Trump plans to dump Obamacare
President Donald J. Trump issued an executive order titled “Minimizing the Economic Burden of the Patient Protection and Affordable Care Act Pending Repeal” on Jan. 20 to direct members of his administration towards initiating the process of revoking and replacing the legislation.
According to the official policy stance published on his website, Trump aims to repeal the Affordable Care Act (ACA), along with the support of the Republican-majority Congress. Confronted with this possibility under the Trump administration, legislators and citizens alike will have to face the major changes the healthcare system will undergo.
“An ACA repeal without replacement could cut insurance and job opportunities for millions of Americans,” Jacqueline Miller, University of California, San Francisco Healthforce Center chief research analyst, said. “Potentially, people could lose coverage nationwide, health insurance would not be mandatory, and a lot of jobs in the health force could be lost.”
The Affordable Care Act, one of the Obama administration’s chief policy achievements and the most significant healthcare reform since Lyndon B. Johnson’s implementation of Medicare and Medicaid, provides over 20 million people with universal health coverage. Before the ACA was put into effect in 2010, over 47 million Americans had no access to any form of health insurance whatsoever, while nearly 30 million were underinsured.

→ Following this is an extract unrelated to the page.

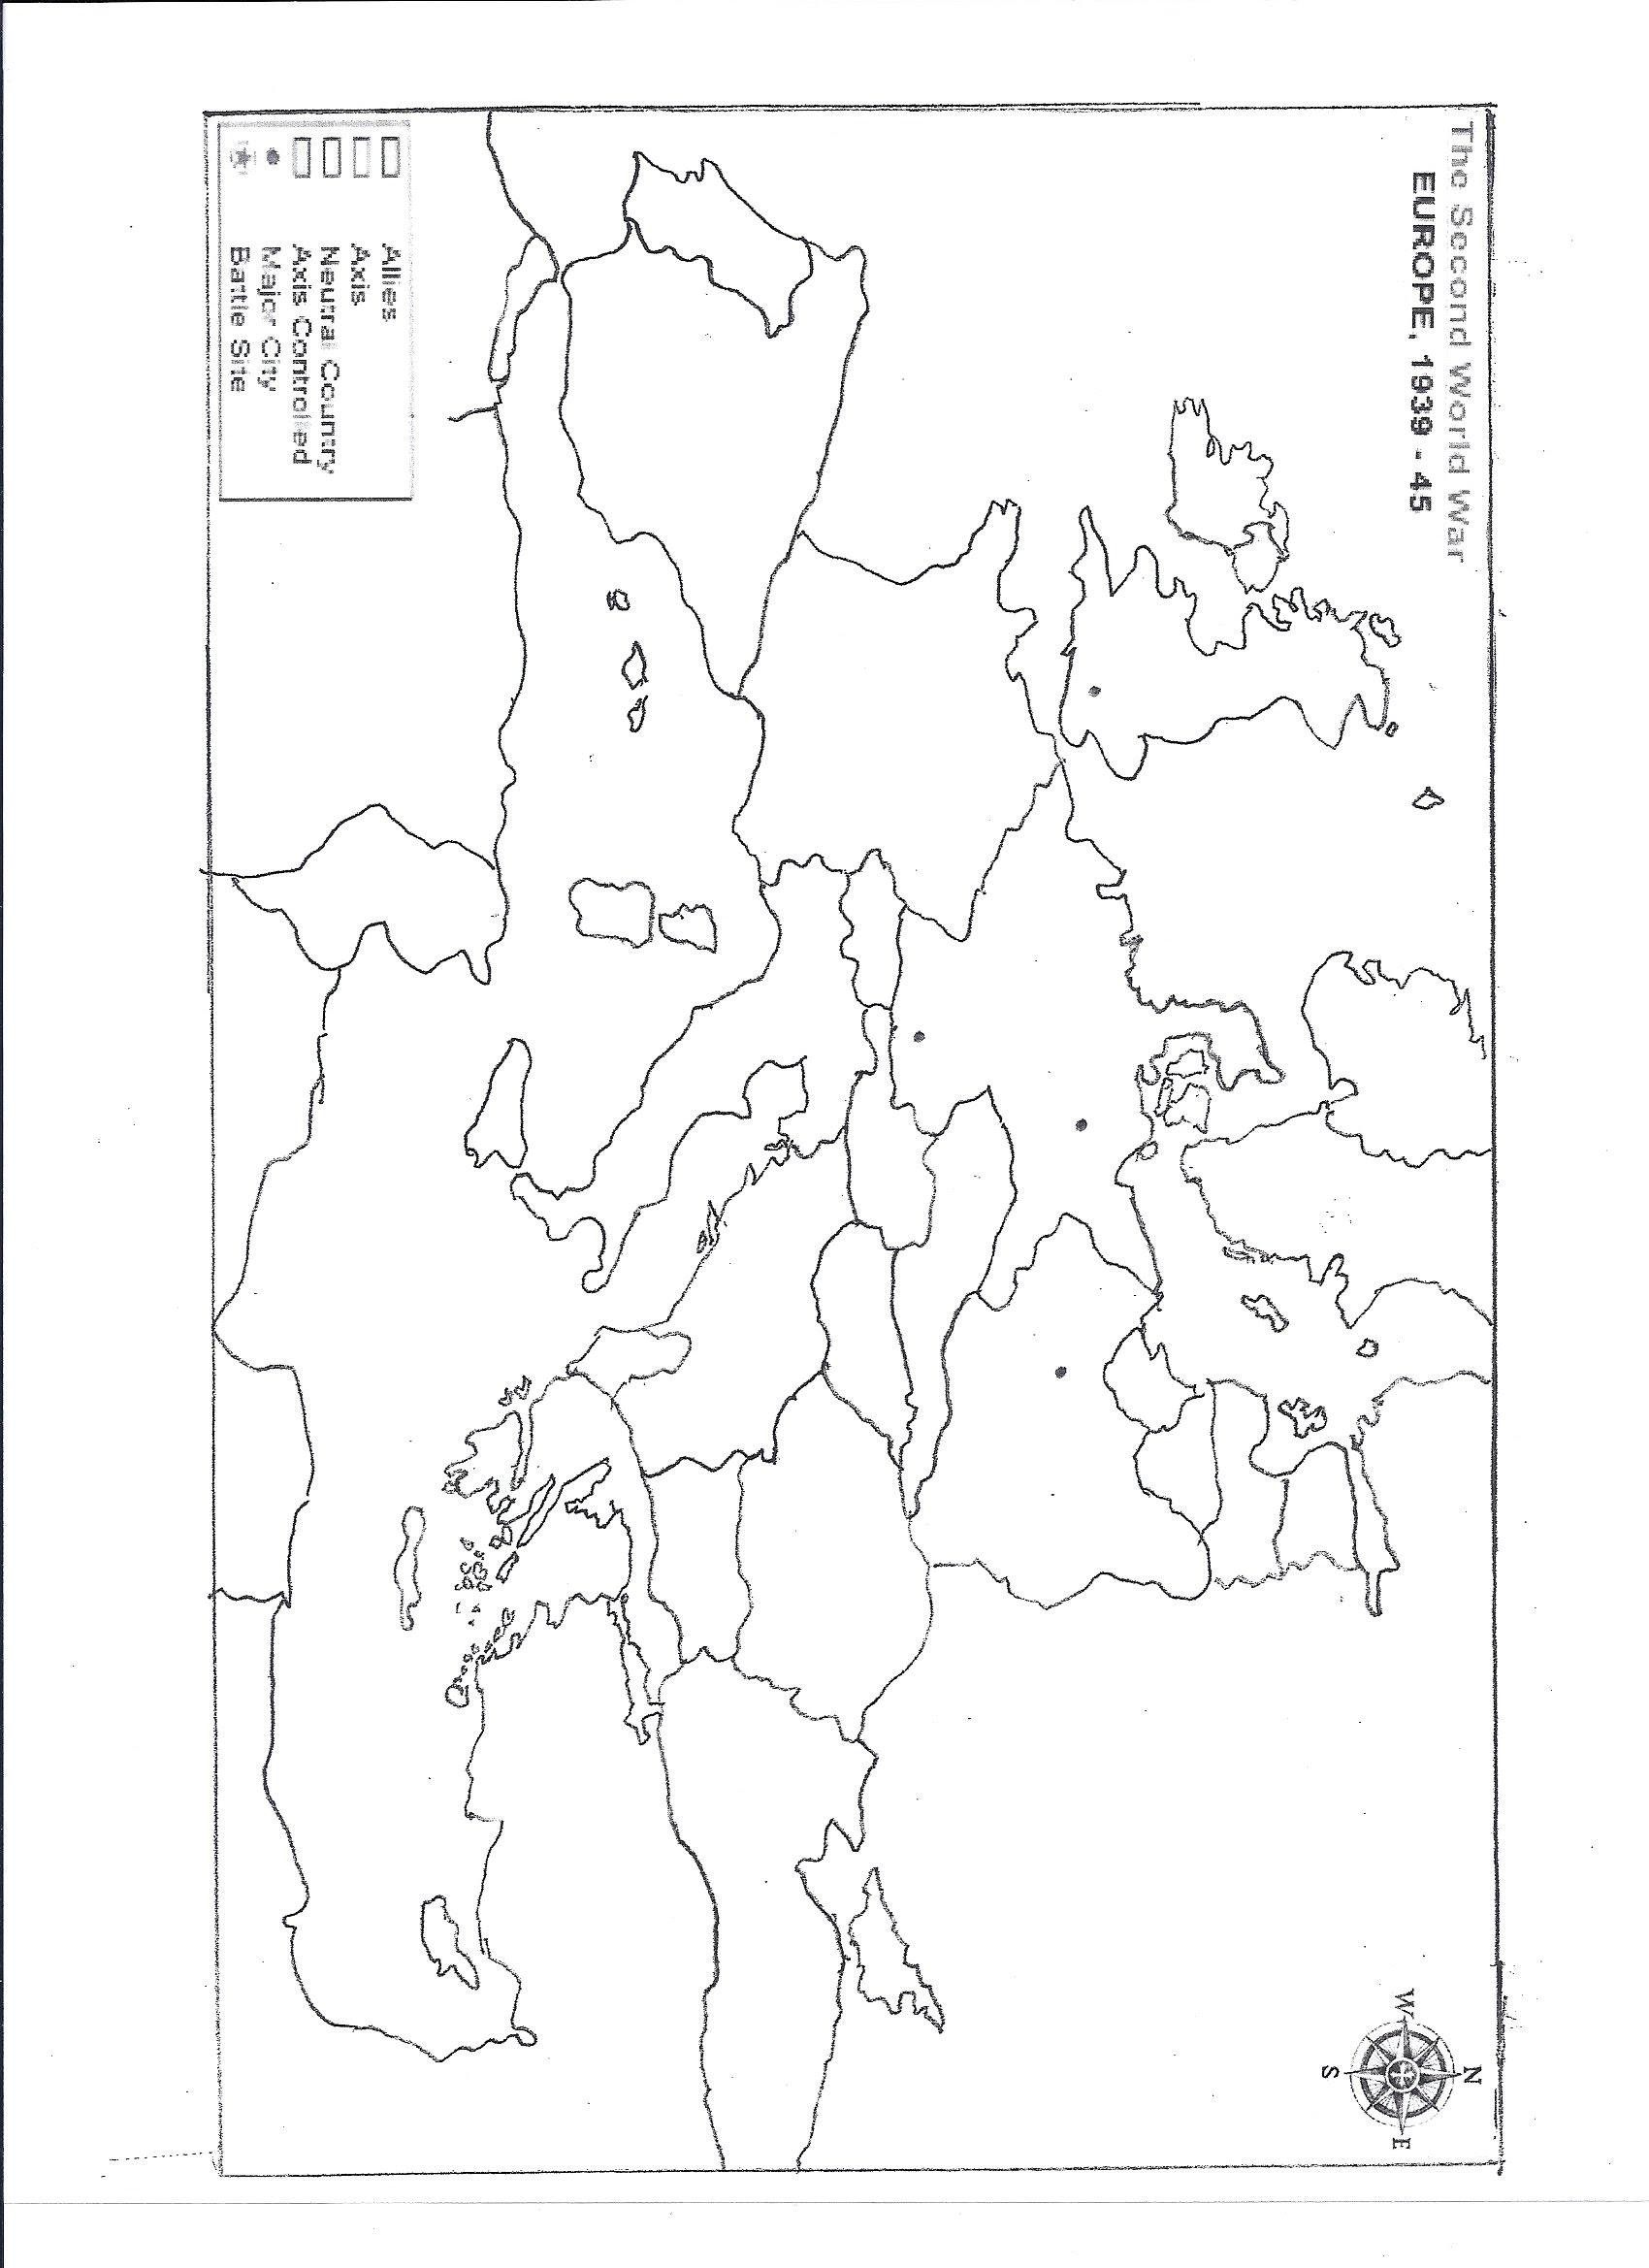 Bl Nkm Peurope1939 45

The groups affected most by Trump’s proposed repeal include low-income families and businesses, which comprise over 16 million of those covered under the ACA, and women. Prior to the implementation of the act, the majority of health care plans routinely charged women up to 60 percent more for their monthly insurance premiums.
The ACA prohibited insurance companies from financially discriminating against their clients while also providing 48 million women with access to preventative services.

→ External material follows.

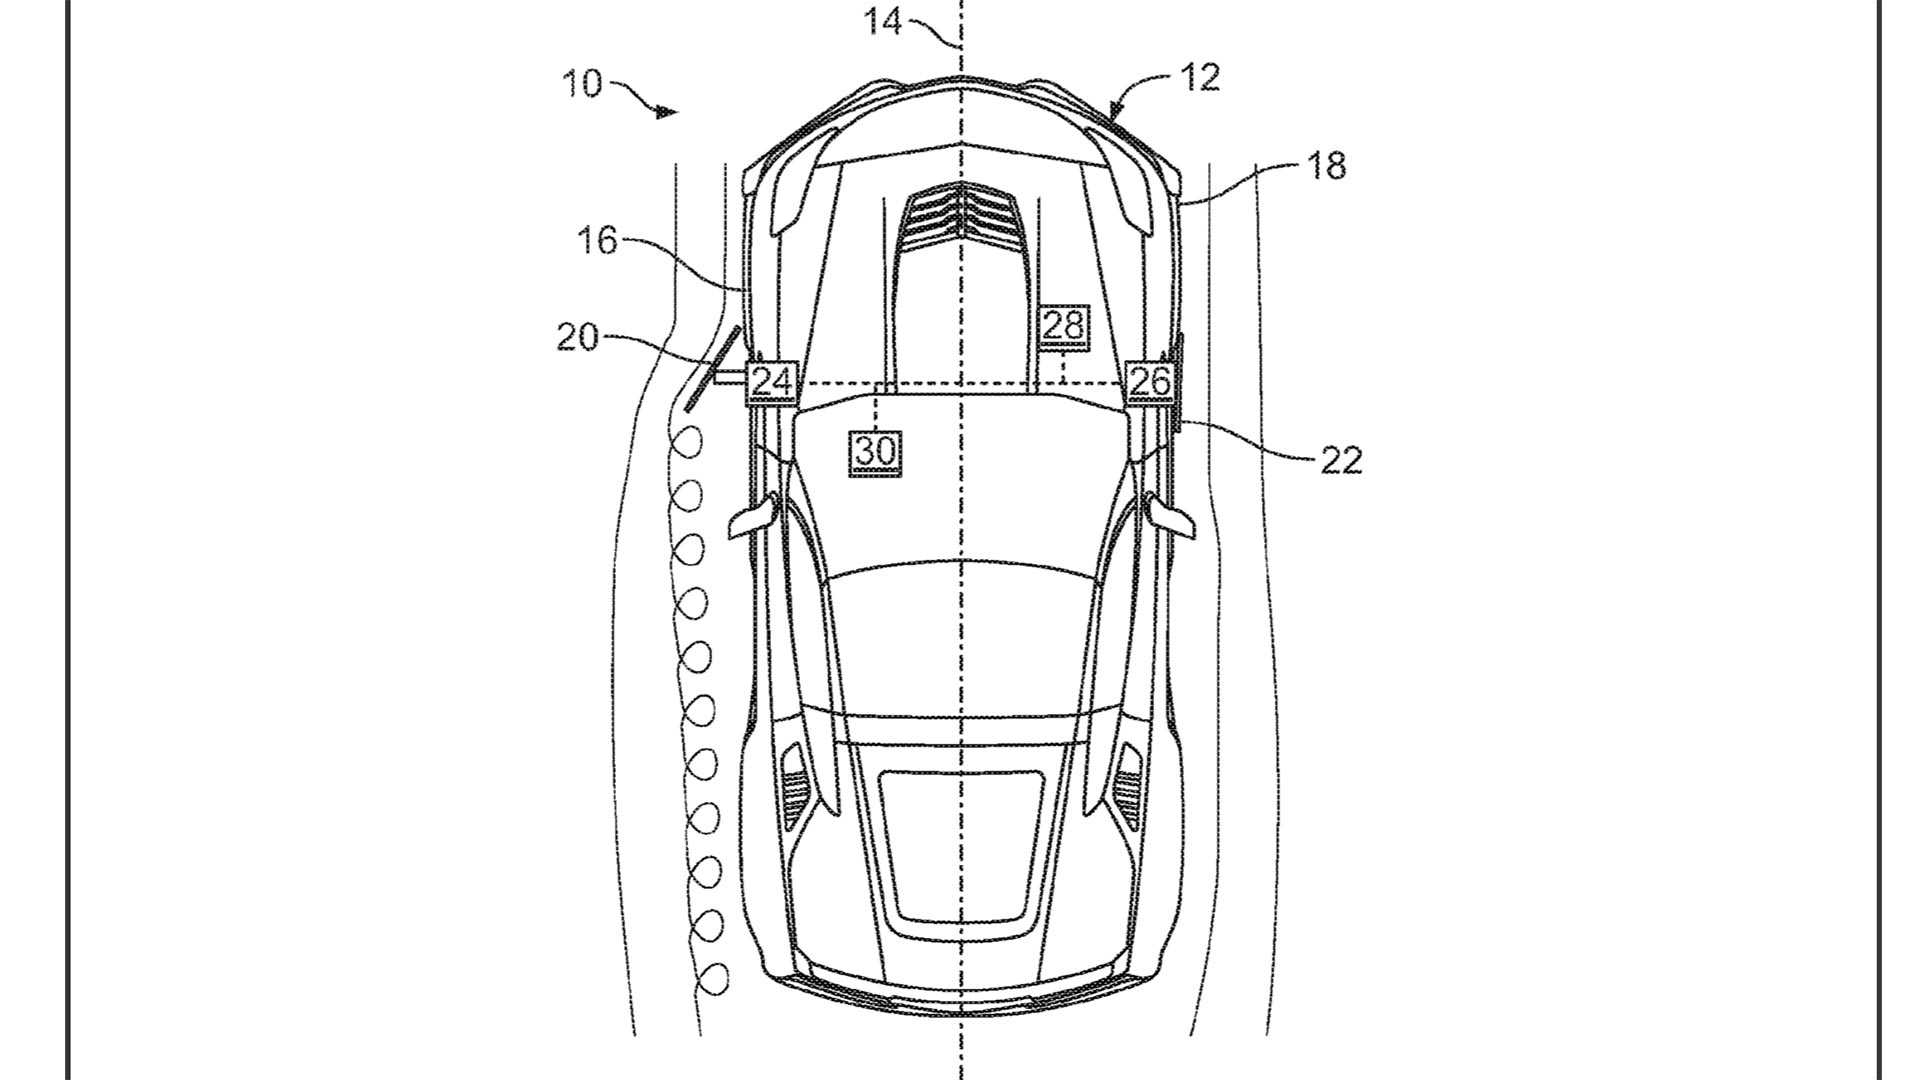 chevrolet-corvette-active-aero-patent_3.jpg

“The affordable care act has helped women the most by providing more with healthcare insurance, and with that healthcare insurance, access the full range of affordable contraceptives,” MiQuel Davies, a health representative of the National Women’s Law Center, said. “Most women aren’t able to access health insurance or preventable care because of the expense, and so the affordable care act is really important for women- particularly underserved women.”
The Trump administration has affirmed that it would potentially keep some parts of the ACA. An important component outlined in the act that stands to be changed or maintained is the regulation that insurance companies cannot charge patients with pre-existing conditions that increase their need for medical care. The part of the ACA that provides people below the age of 26 with accessibility to their parents’ health insurance is another constituent that may or may not remain if the act is repealed.
“People with pre-existing conditions who need healthcare the most might be charged more, which will create a lot of barriers for them,” Miller said. “And it would come as a devastating loss to a lot of kids going to college and who are in school who can’t afford to have a full-time job that gives them benefits.”
While the ACA extends comprehensive, equitable health coverage to a wide range of recipients, it also resulted in higher premiums for many people who had insurance prior to the implementation of the act, as well as fines for the uninsured. Trump has proposed that he would minimized these costs as part of his replacement of the act.
“Trump’s ideas to ‘cut cost’ wouldn’t necessarily be effective, but it’s very difficult to speculate at this point what Trump will do,” Miller said. “What’s important to know is that the replacement is a big issue- if everything is cut, and if there’s nothing to replace it with, what will people do without something else to go off of?”